En los países con tradición de lengua gaélica se han ido creando los Eisteddfod y los Gorsedd, asambleas periódicas de neodruidas o poetas y escritores al estilo bárdico, intentando revivir unas ceremonias que en gran medida han tenido que ser inventadas.

En los últimos tiempos, la música celta e internet han supuesto el nuevo soplo de vitalidad a una cultura que casi da la impresión de no morir nunca, como si de vez en cuando se retirara a un Avalon del que regresa cuando llega el momento oportuno.

¡Quién sabe qué música hacían los celtas históricos! Pero hoy en día es tan celta una vieja muñeira gallega tocada por Carlos Nuñez como una moderna pieza evanescente en la que la irlandesa Enya duplica veinte veces su propia voz. O una tonada tradicional interpretada al arpa por el bretón Alan Stivell, como un rock cantado en gaélico por los escoceses Runrig.

La globalización nos empuja hacia un mundo hecho a imagen y semejanza de quienes la crearon, y el celtismo vuelve a ser otro asidero, como lo fue en tiempos de la revolución industrial, al que agarrarse para no dejarse arrastrar por la corriente, o al menos para crear un espacio lo suficientemente grande que permita cierta autonomía y poder hacernos la ilusión céltica de que somos libres.

Pero el pasado no se recupera. Se estudia, se admira, se odia, pero no se recupera. Los celtas eran un todo con su medio ambiente y sus circunstancias. Pero si se puede recuperar la esencia, y gran parte de ella está en las leyendas o en las fiestas populares que salpican la geografía veraniega de gran parte de Europa o los lugares donde la emigración llevó a los descendientes de los celtas. En cuanto a la música, sin duda aun resuenan ciertas sonoridades que un celta histórico reconocería, pero, no nos engañemos, lo que normalmente se considera en Europa como música folclórica, apenas tiene dos o tres de siglos de antigüedad. Posiblemente sea las nanas, cantos de boda o similares los que mejor hayan resistido el paso del tiempo, con la inevitable tergiversación para adecuarlos a lo correcto de cada época, ya se por presión religiosa, social o política.

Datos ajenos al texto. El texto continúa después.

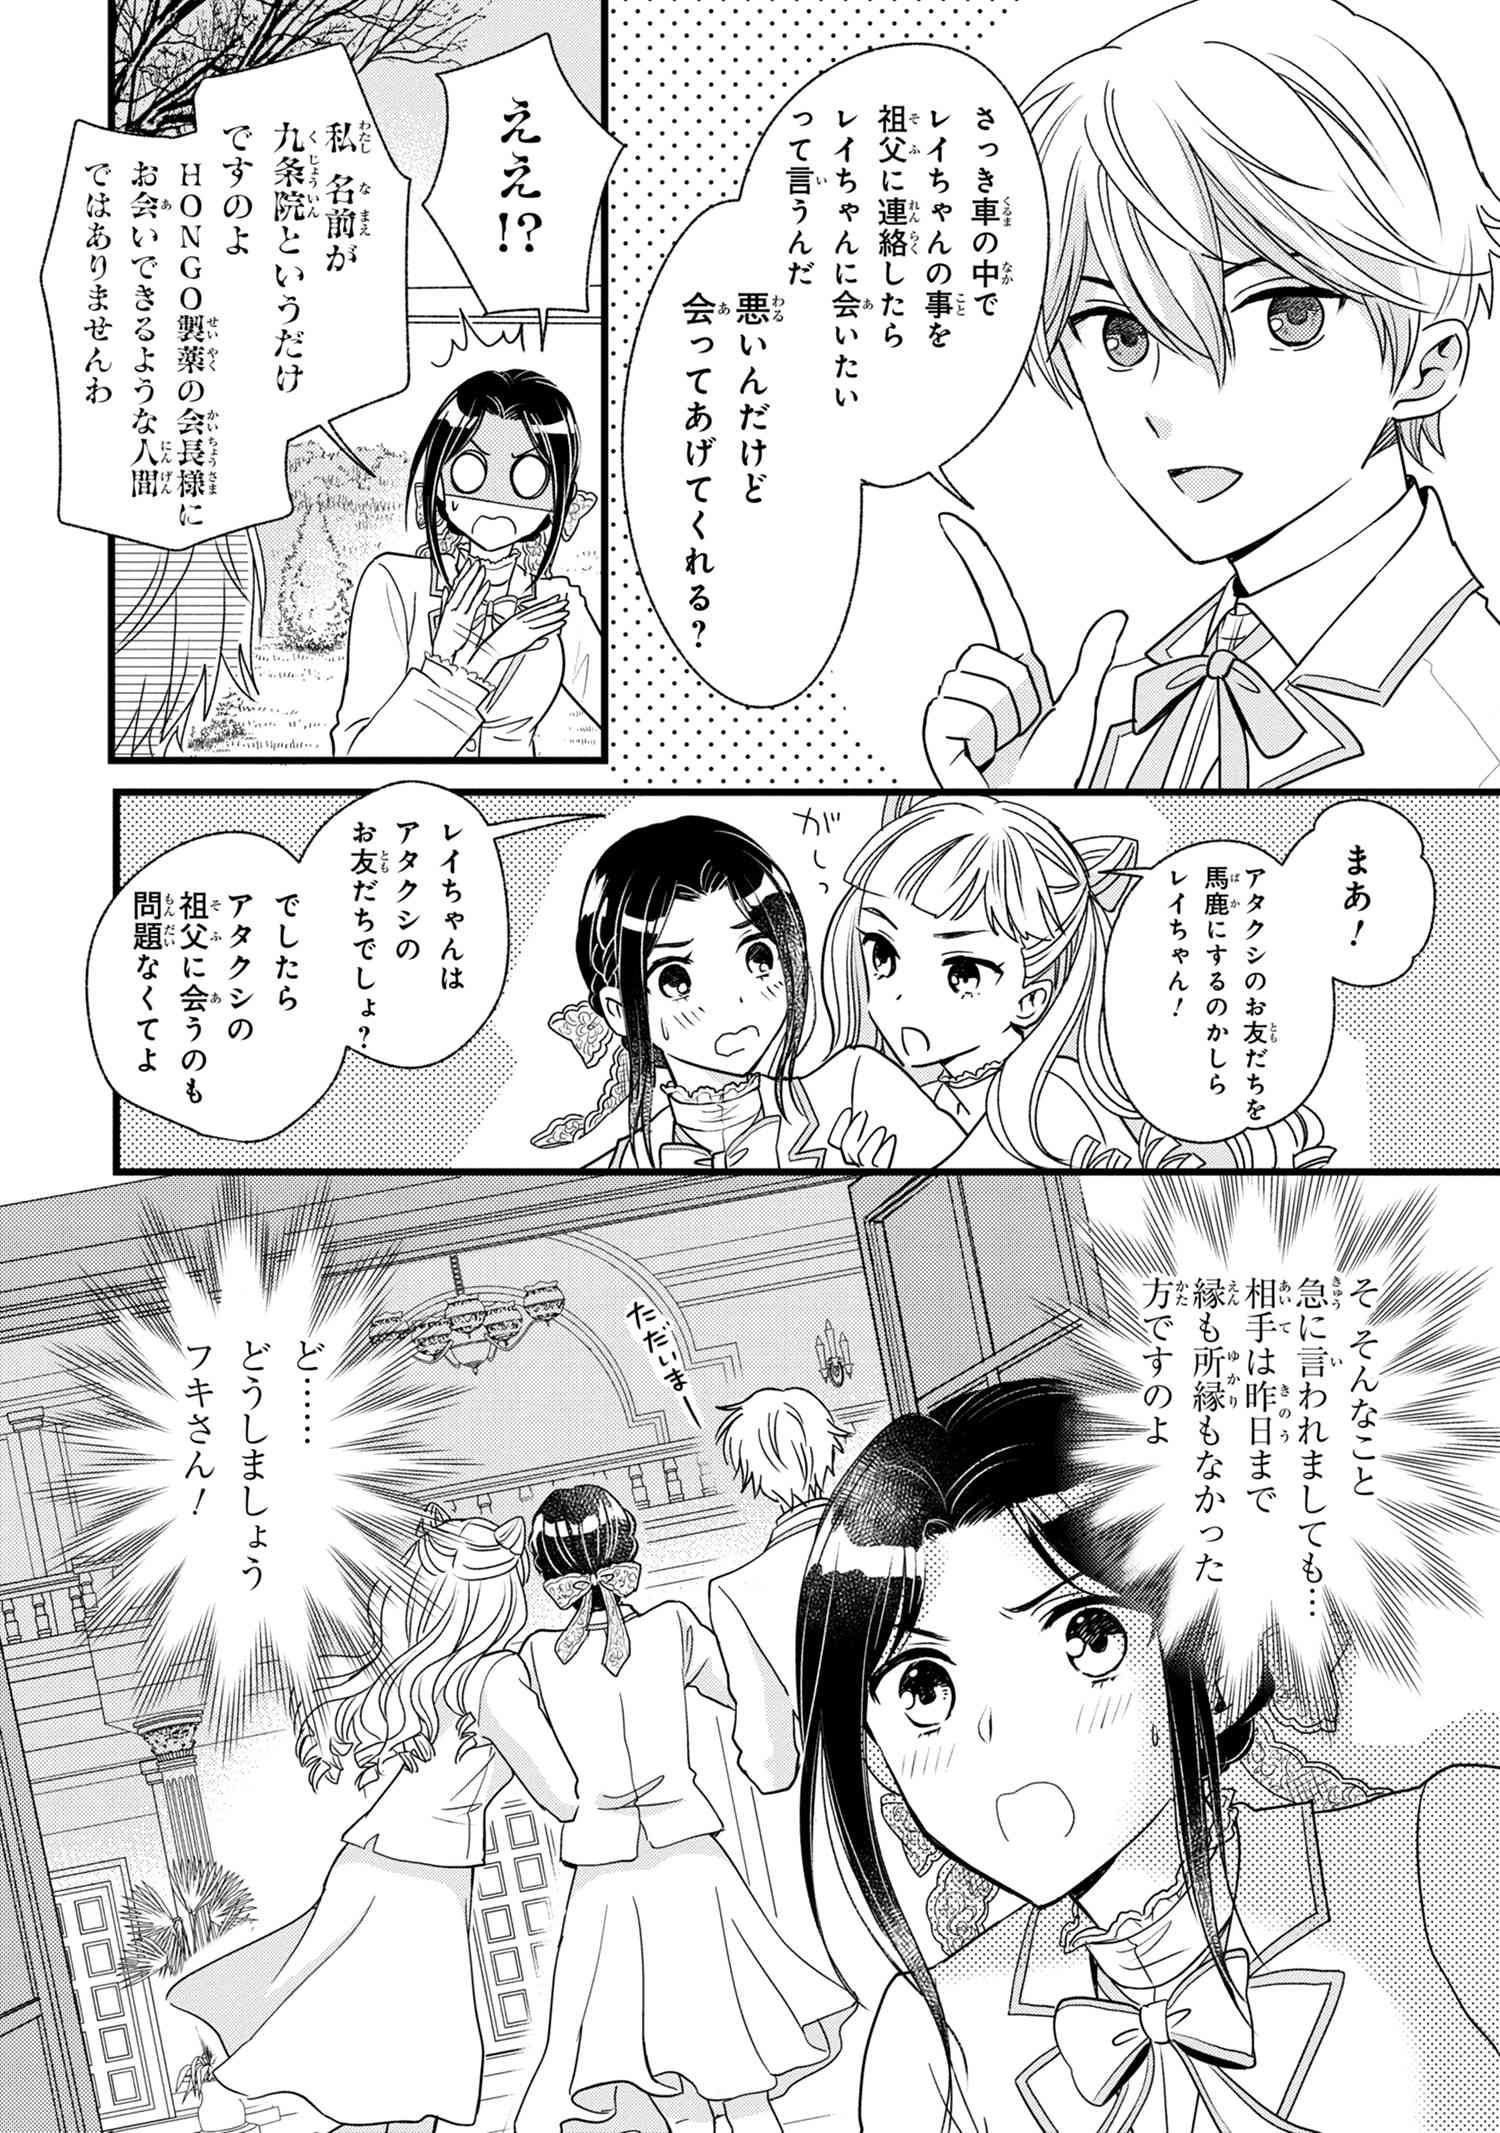 Reiko no Fuugi Akuyaku Reijou to Yobarete imasu ga, tada no Binbou Musume desu - Chapter 3-3 - Page 11

Aunque es en los antiguos territorios de Céltica, sobre todo esos finisterres (algunos con nombres tan expresivos como el Land’s End de Cornualles, el Pointe du Raz de Bretaña o la Costa da Morte de Galicia), donde quedaron confinados por propia voluntad o bajo la presión de otros pueblos, permanecen encendidas las llamas del recuerdo milenario, donde más arraiga la nostalgia por los tiempos que fueron y los que podrían haber sido si la historia hubiera corrido por otros derroteros. En muchos casos, también hay que tener en cuenta que el pasado se observa a través de una visión trasformada por las lágrimas, con lo que se puede llegar atribuir cualidades anacrónicas a un tiempo en el que había otra forma de pensar y los acontecimientos estaban en función de la supervivencia diaria, y en el posiblemente muy pocos de los que vivimos en el mundo actual podríamos sobrevivir.